One Summer Night.

The Fens, June, 1897.

FAR in the west the crescent moon hung low,

A filmy haze about it faintly spread,

And one bright star, a point of silver light

Seem’d comrade to it. Whispering Zephyrus

Tender as love, stole through the list’ning leaves,

Making a pleasant murmur in the night,

And touched the glimmering waters with his breath.

The ripples came unnumbered to the shore,

Soft-murmuring through the sedge and fenny reeds

With that same whisp’ring voice that Pan once heard

What time he first made pipes to sound the praise

Of her whom he had lost. The water’s breast

Was banded with a path of shimmering light

Broken by the ever-restless waves, which made

A thousand points of liquid brilliancy.

And in the beauty of still, hallowed night

Beside the plashing sandy shore, we met

In happiness.

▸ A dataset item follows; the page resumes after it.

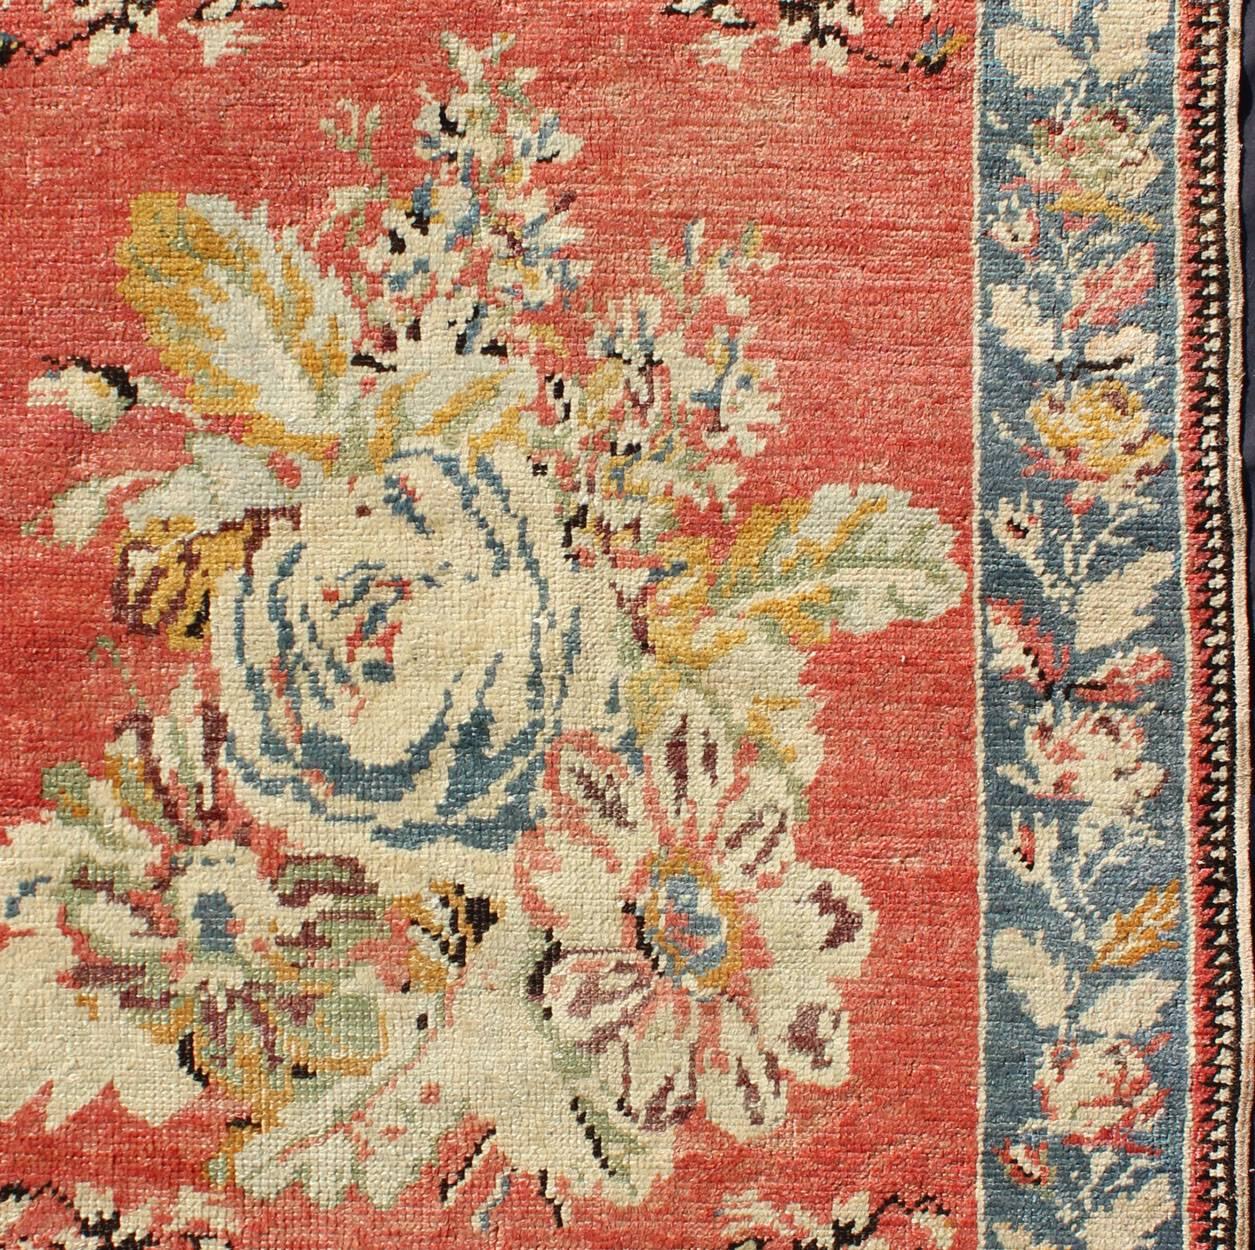 Vintage Turkish Oushak Carpet with Bouquets of Colorful Flowers in Red and Teal In Excellent Condition For Sale In Atlanta, GA

Each whispering of the wind,

Each tremulous leaf, and even the sleeping flowers

Seem’d breathing “Love” in tender unison,

And the sphered star in Heaven sang that word.

Dost thou remember how from out the grass,

I plucked a gentle flow’ret by that shore,

—Anemone some call it, wind-flower some,

Sprung from the crimson of Adonis’ blood

Where he was slain,—and how I softly said,

“O thou belovèd, beauty is a rose

Growing in Life’s fair garden, by the spring

Of deathless Purity, and that clear dew

Which lies within its sweetness hid, is Love.”

Dost thou recall? And so it chance, I pray

Though we be parted, now and evermore,

Think sometimes of that night, and fancy still

We see the summer landscape, glimmering,

Lit by the steady-burning lights of heaven,

We scent the sweetness of the warm young night,

We hold the tender wind-flower, and still hear

The murmuring ripples on the sounding shore.